DATA SUPPLIED:
>>>>

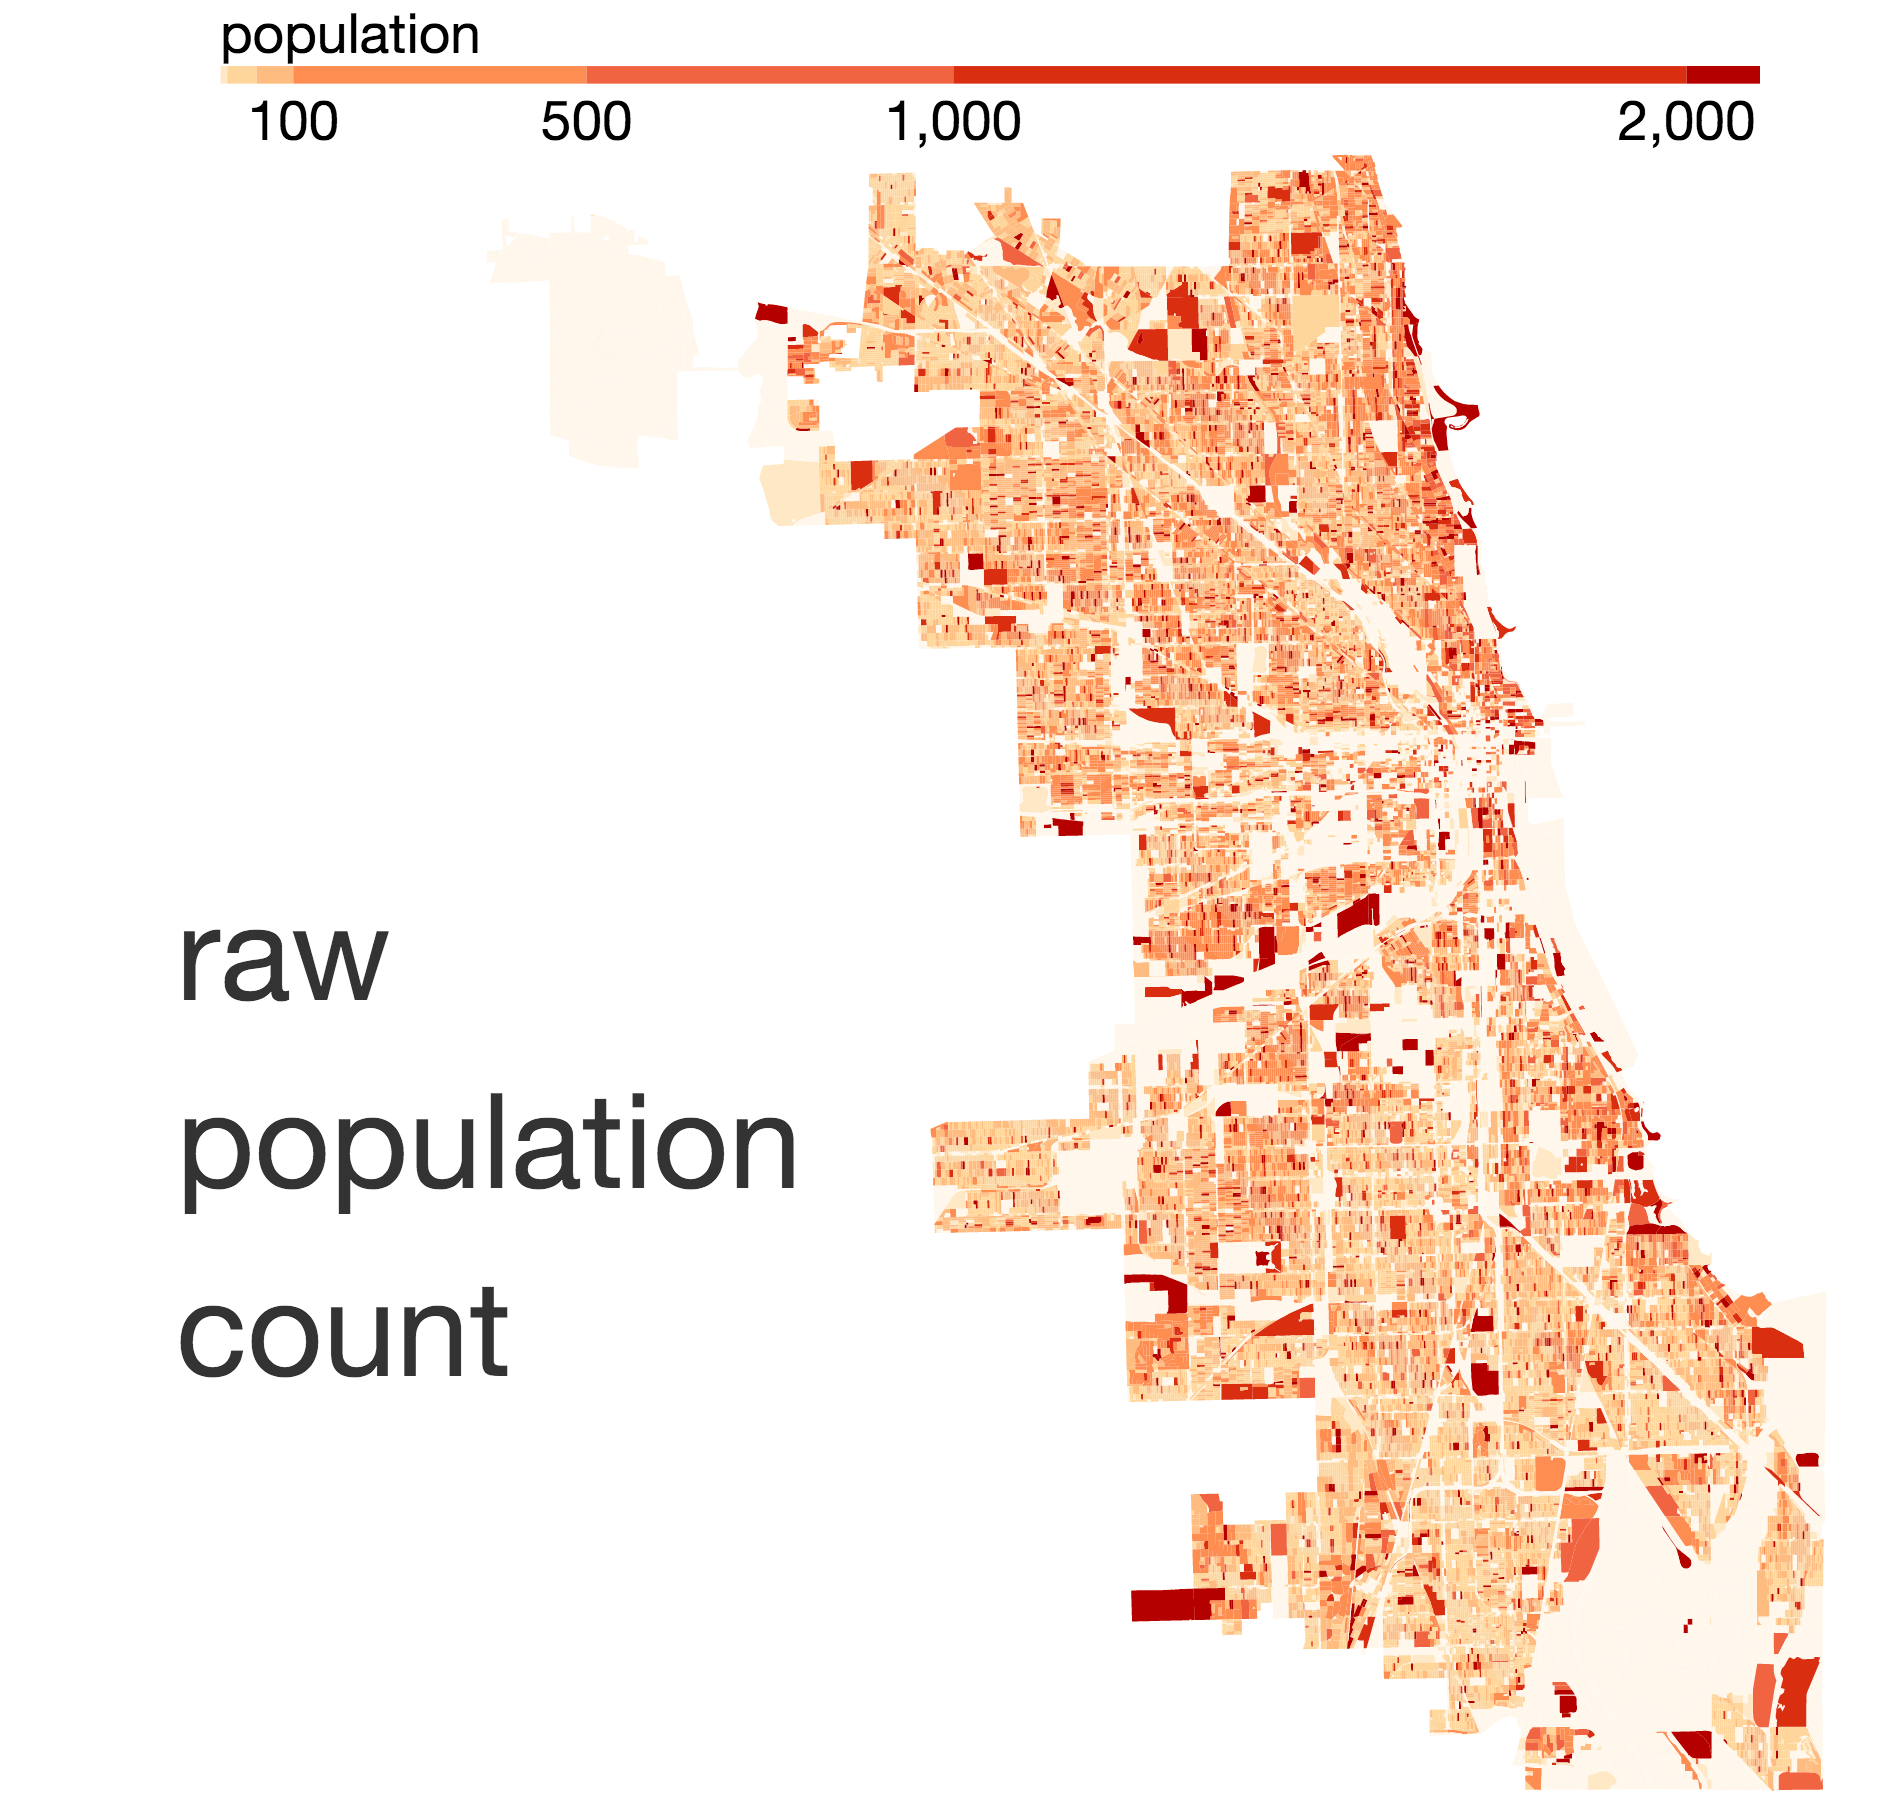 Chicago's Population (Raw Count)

<<<<
>>>>

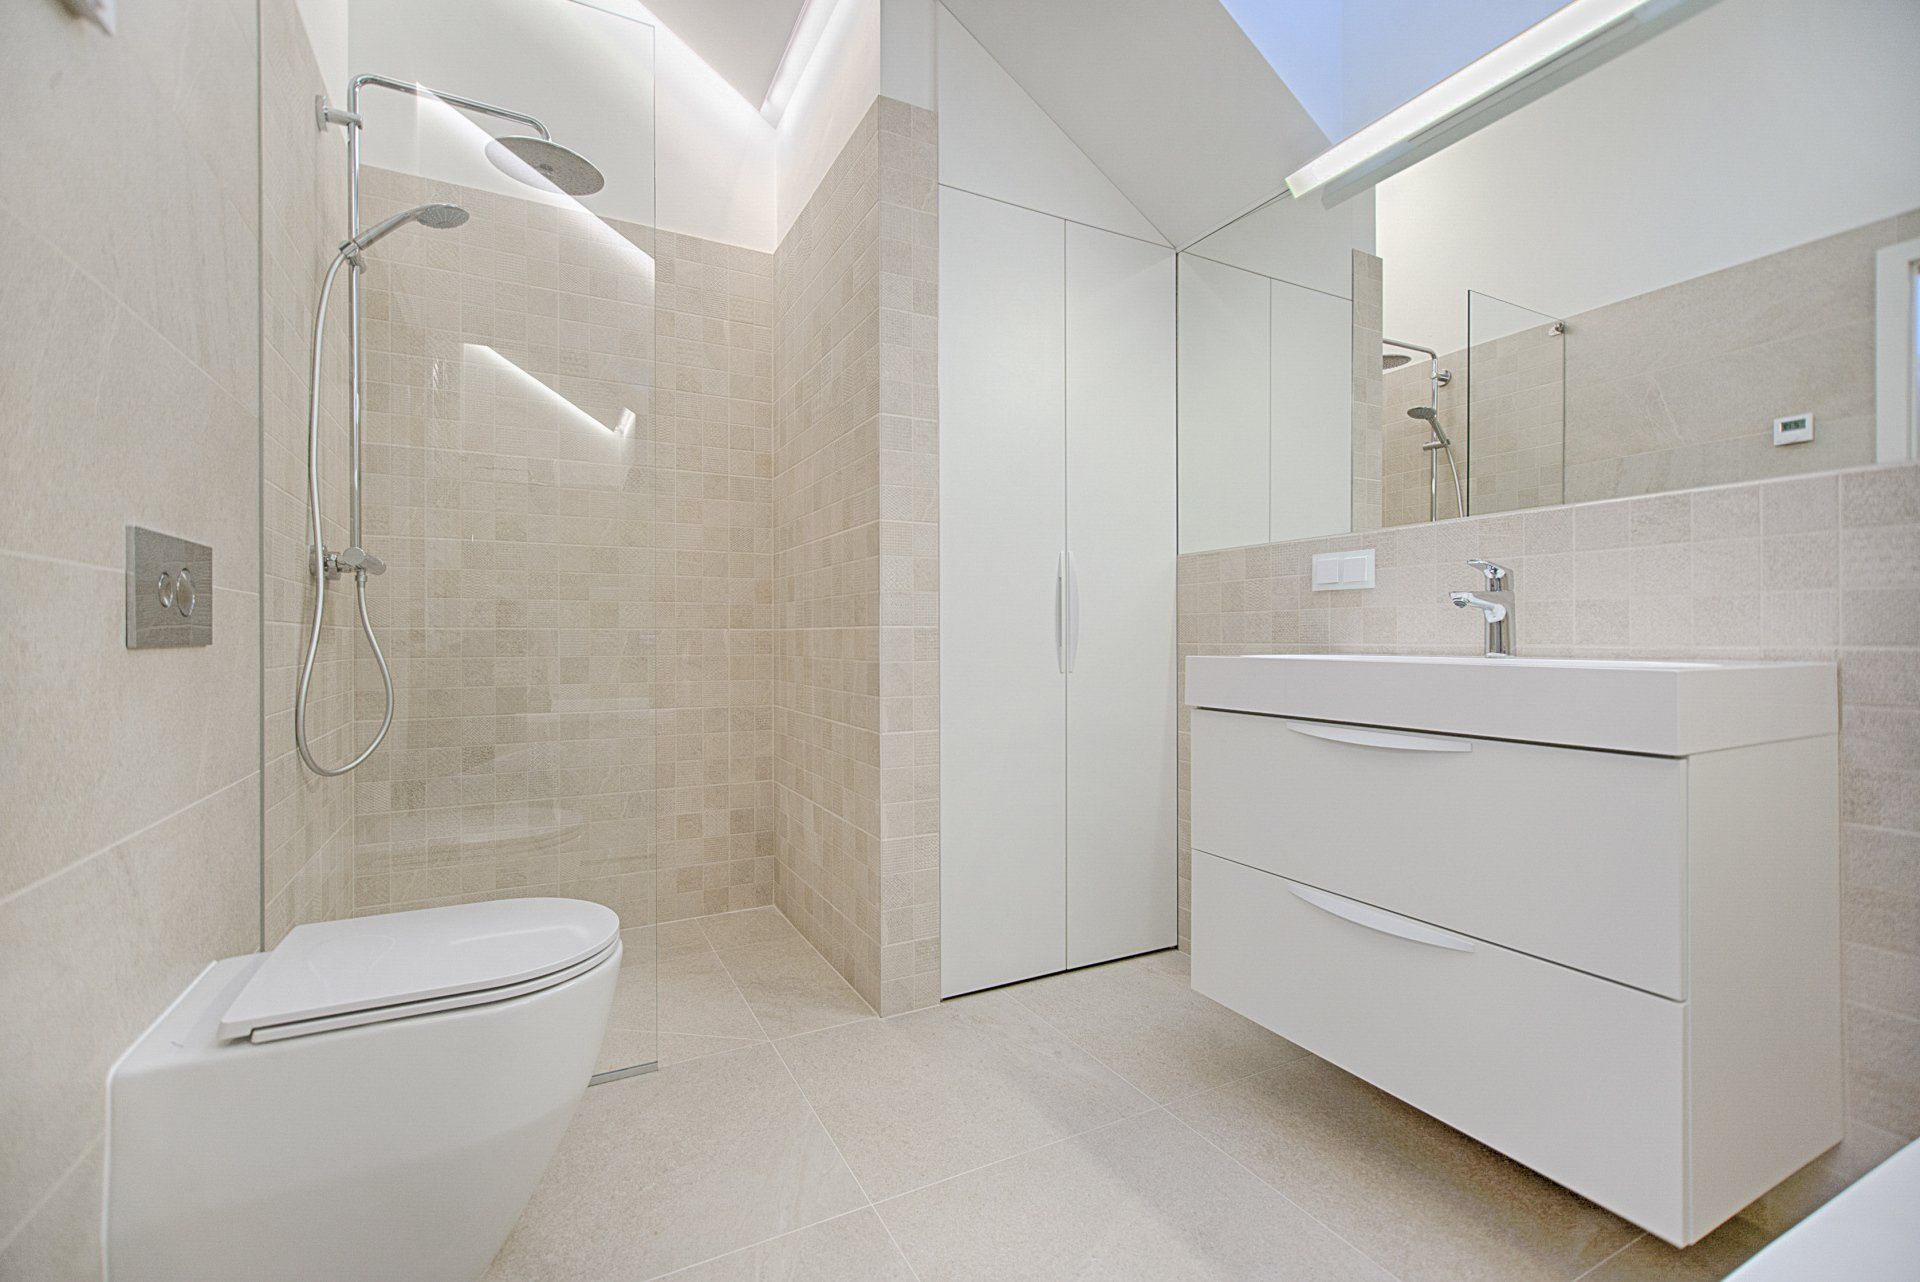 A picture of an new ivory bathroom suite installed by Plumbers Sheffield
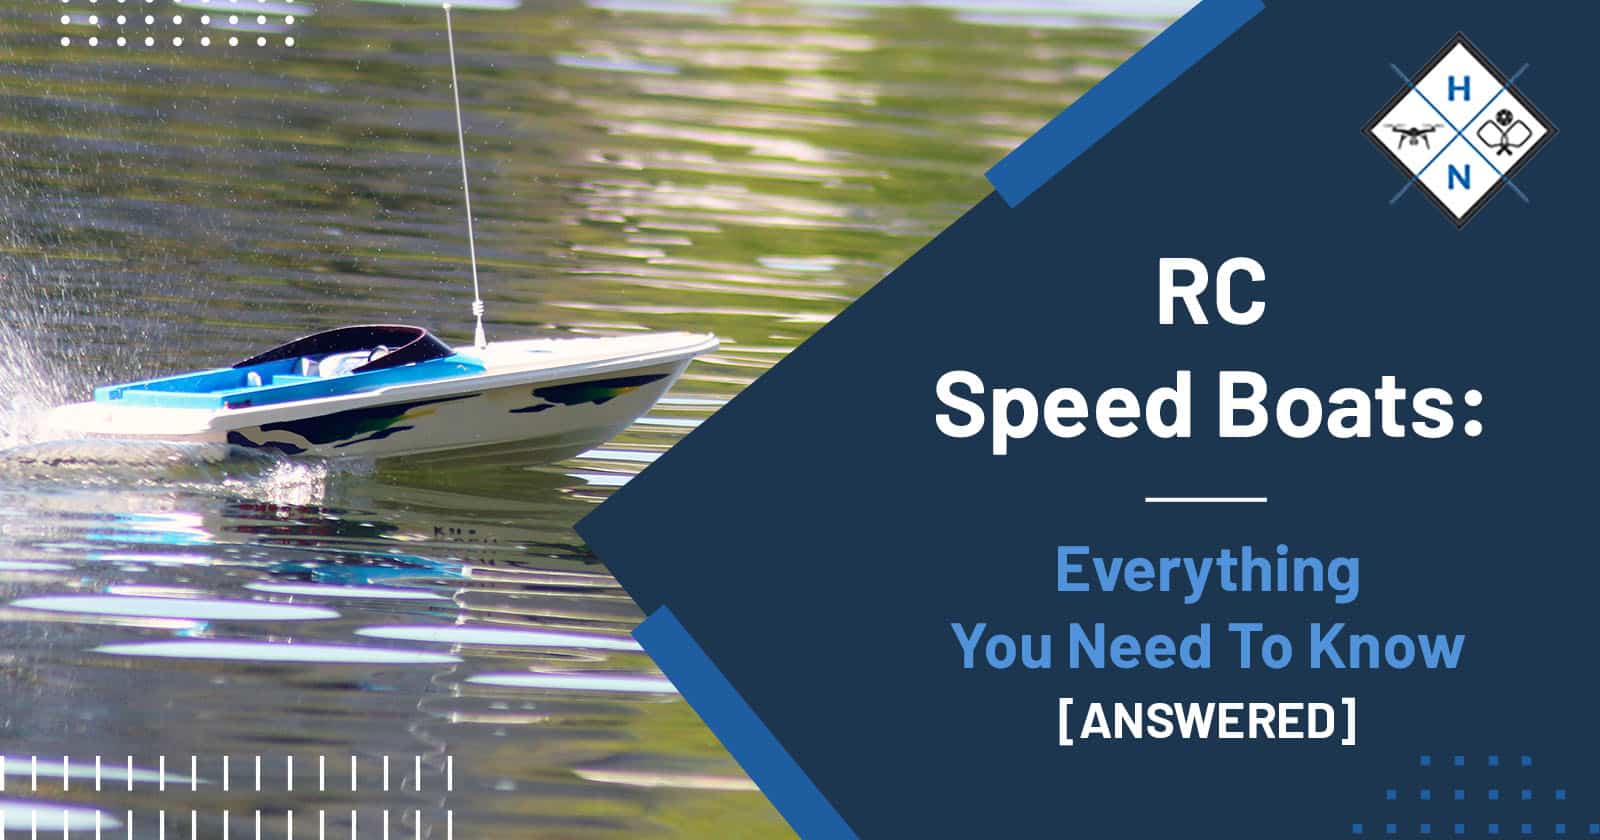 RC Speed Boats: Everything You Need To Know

<<<<
>>>>

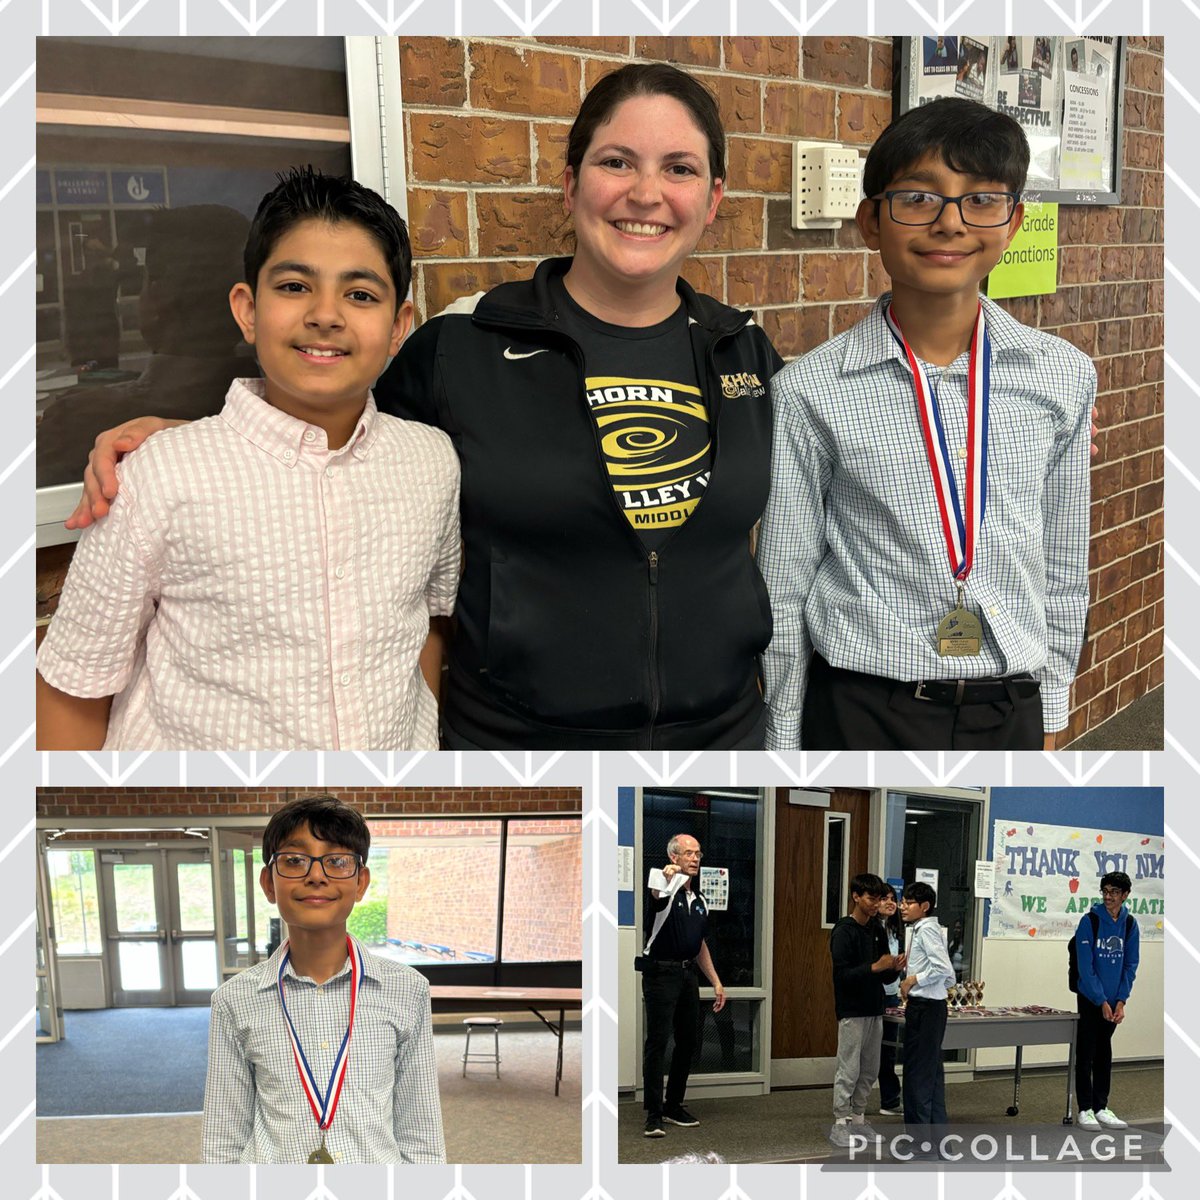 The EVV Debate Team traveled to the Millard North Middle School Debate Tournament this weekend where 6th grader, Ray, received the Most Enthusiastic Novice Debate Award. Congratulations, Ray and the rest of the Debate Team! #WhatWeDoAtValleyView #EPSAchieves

<<<<

WHAT YOU SHOULD DO: Only one stretch of the material above is wanted: the line containing "A picture of" through the line containing "RC Speed Boats: Everything You Need To Know". Restate it word for word, minus the pictures.

SOLUTION TO THIS PROBLEM:
 A picture of an new ivory bathroom suite installed by Plumbers Sheffield
 RC Speed Boats: Everything You Need To Know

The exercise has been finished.